# About this exercise:
Copy out each line of the material exactly. Pictures do not belong in the copy.

# Supplied data:
◇ ◇ ◇

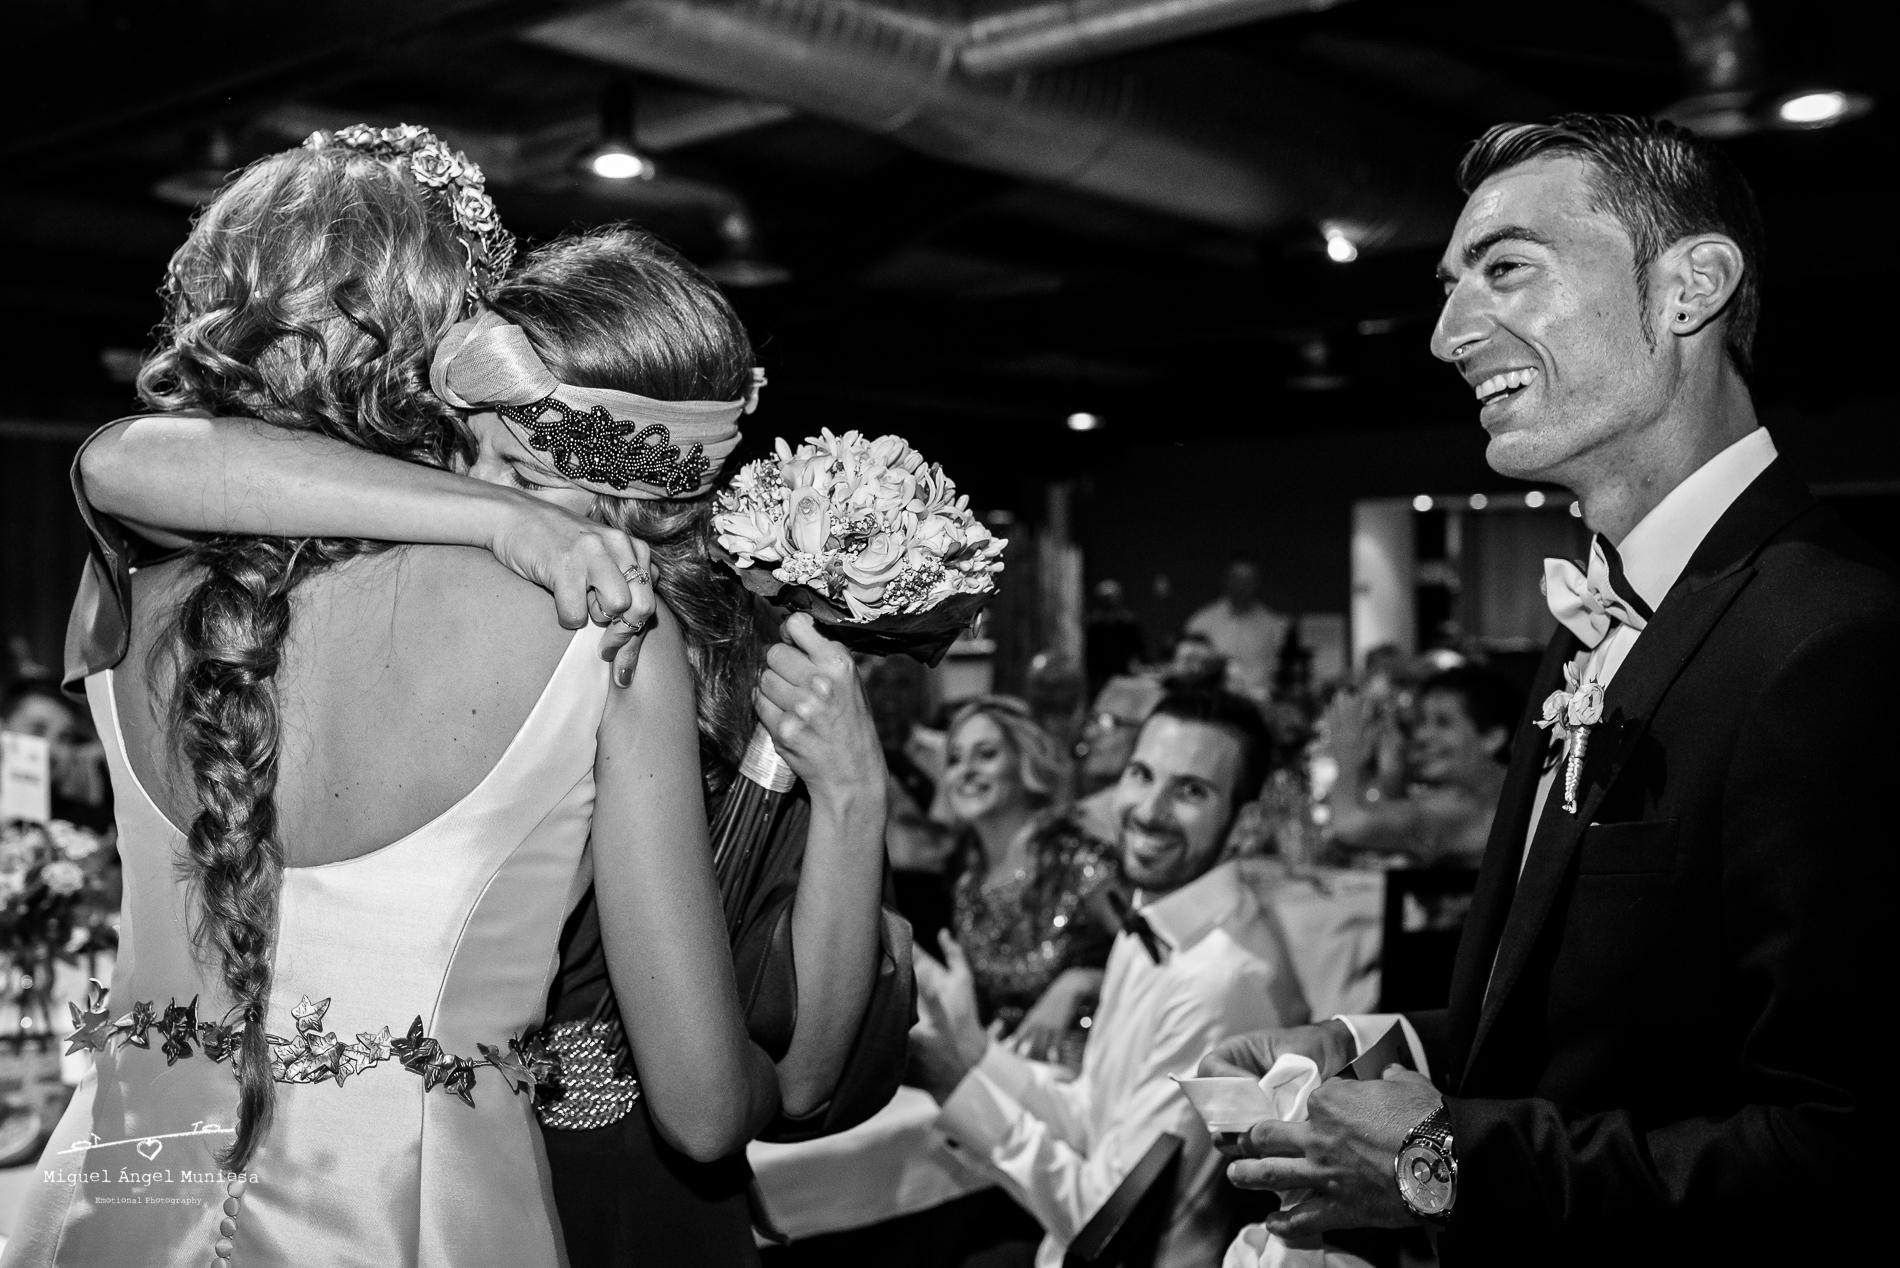 boda, fotografia de boda, boda zaragoza, fotografia, wedding, wedding photography, miguel angel muniesa, fotografo boda Zaragoza, fotografo boda, destination wedding_ 042
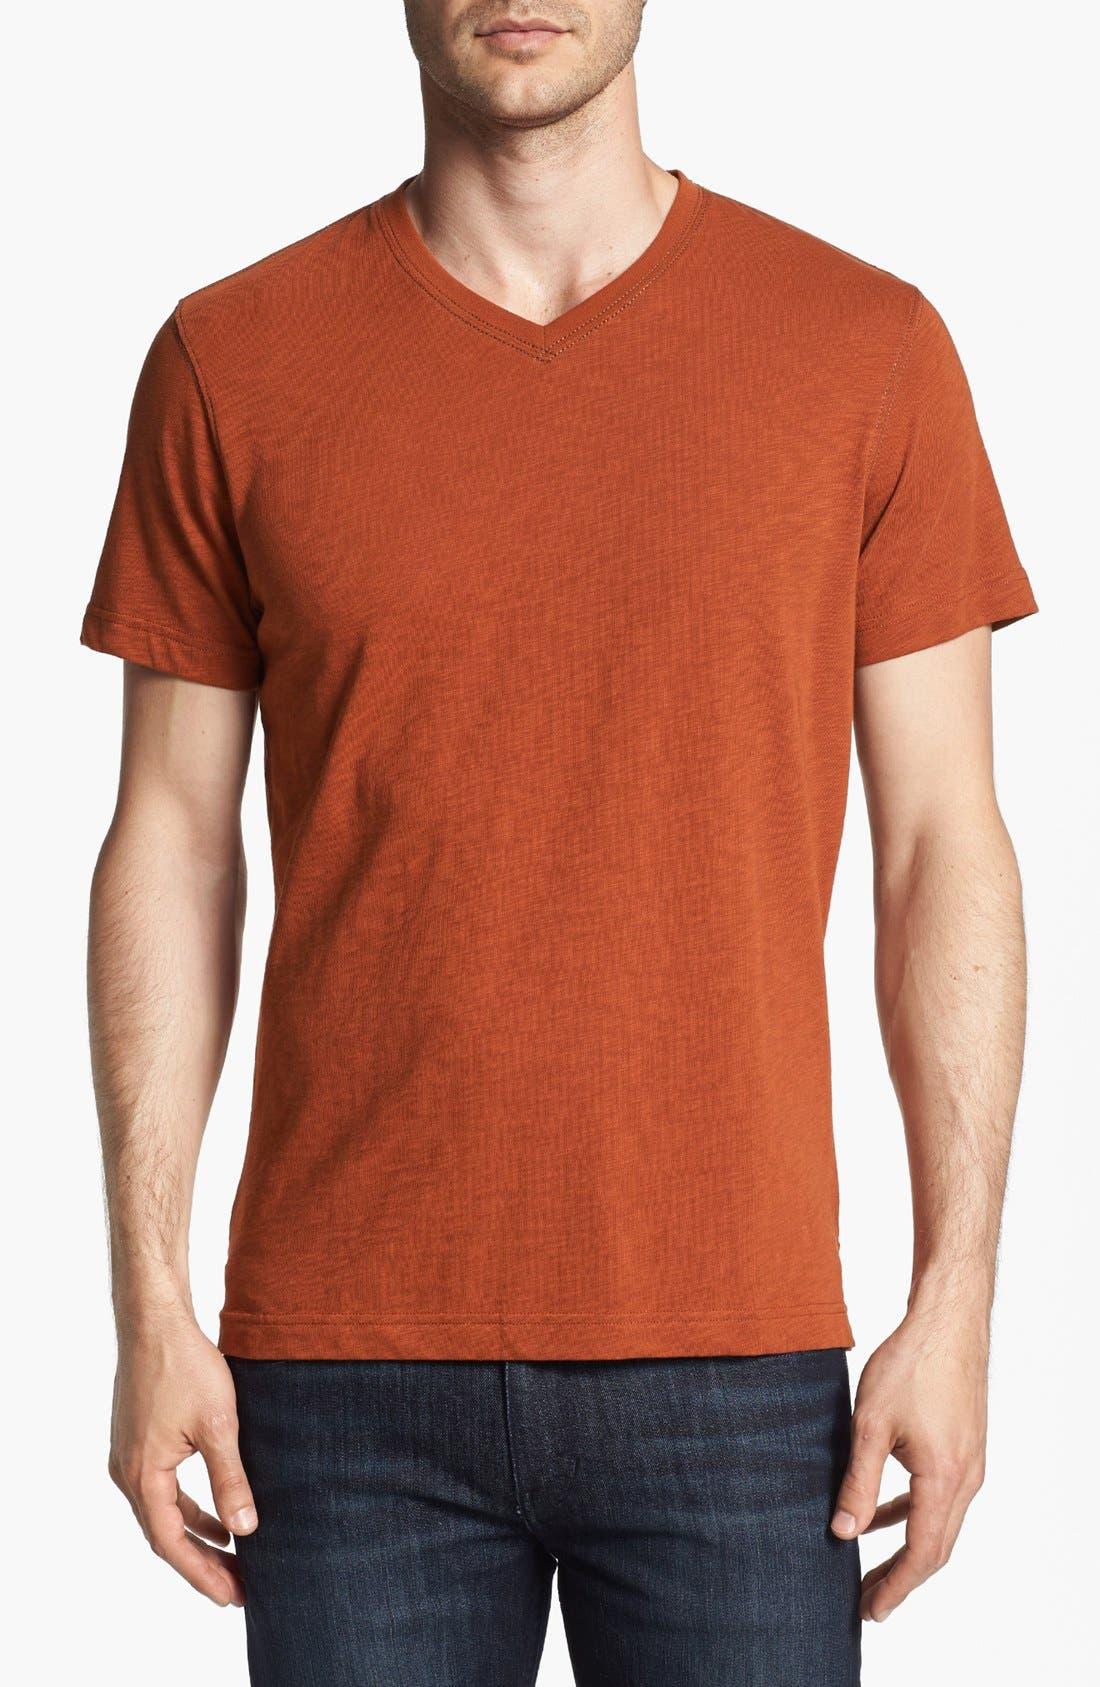 Main Image - Robert Barakett 'Miami' V-Neck T-Shirt
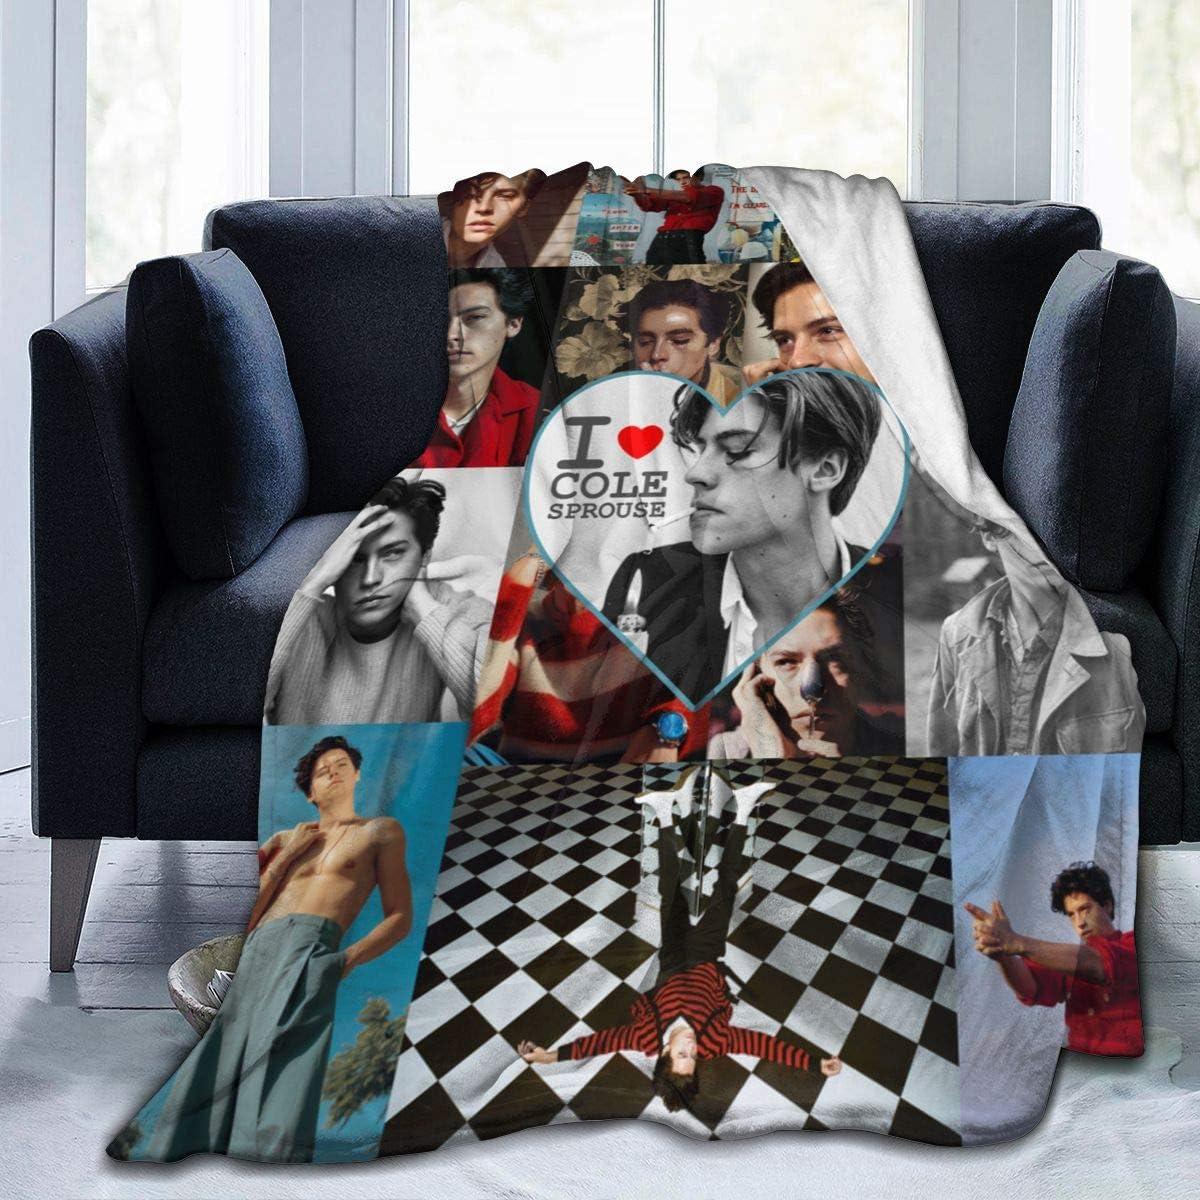 Bestrgi Ultra-Soft Micro Special price Flannel Fleece 3D Printing Livi Blanket Product
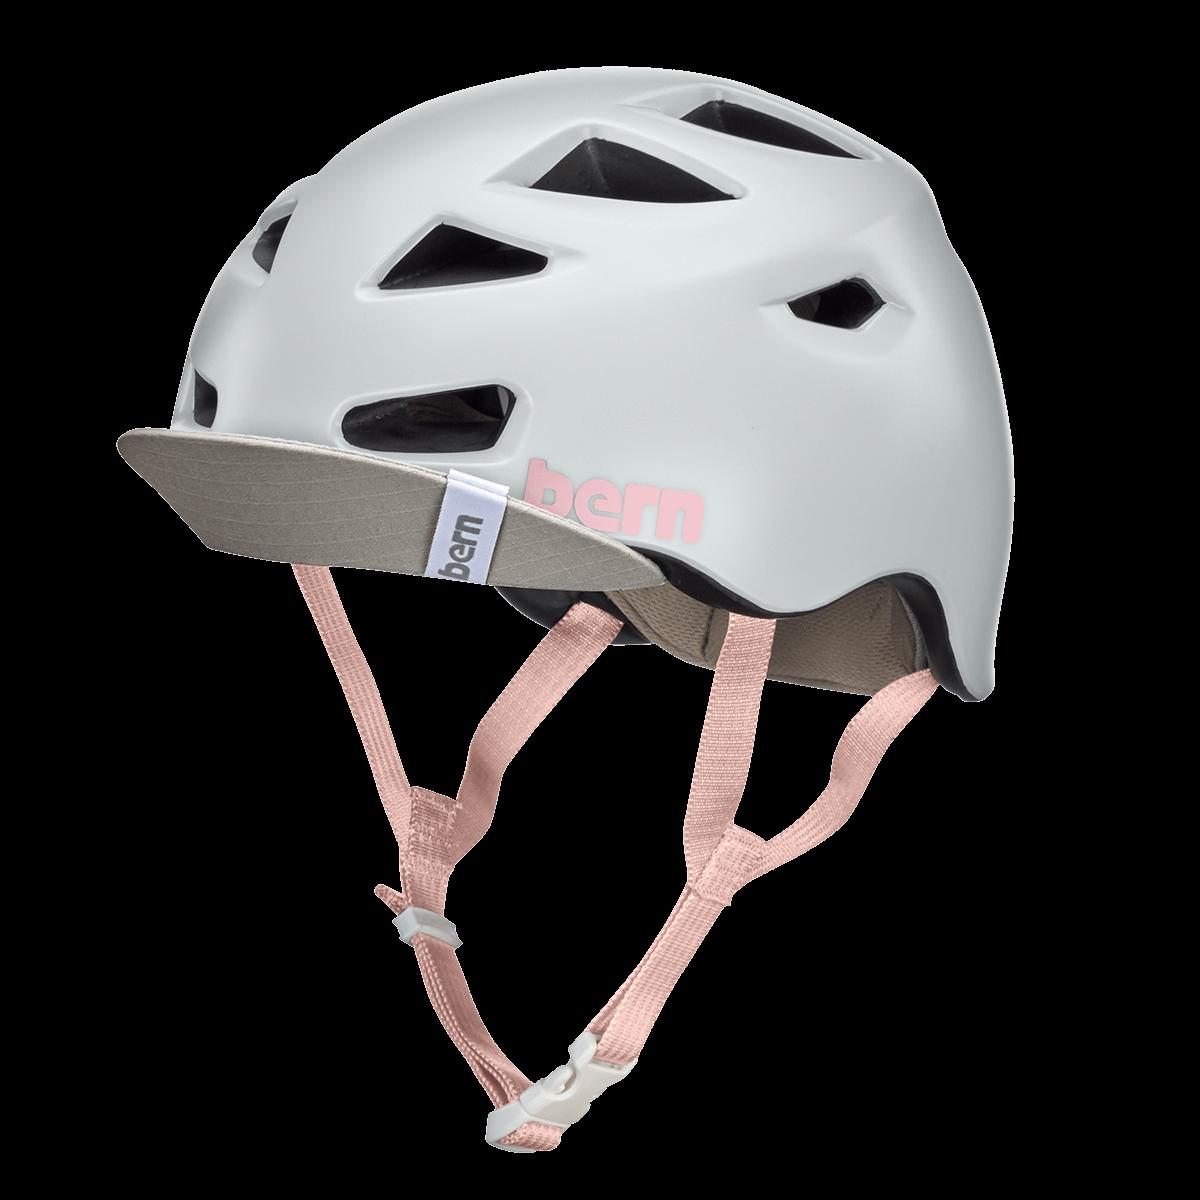 Casque Bern Melrose-Satin-Light-Grey-1 Esprit vélo

◇ ◇ ◇

# Completed exercise:
 boda, fotografia de boda, boda zaragoza, fotografia, wedding, wedding photography, miguel angel muniesa, fotografo boda Zaragoza, fotografo boda, destination wedding_ 042
 Main Image - Robert Barakett 'Miami' V-Neck T-Shirt
 Bestrgi Ultra-Soft Micro Special price Flannel Fleece 3D Printing Livi Blanket Product
 Casque Bern Melrose-Satin-Light-Grey-1 Esprit vélo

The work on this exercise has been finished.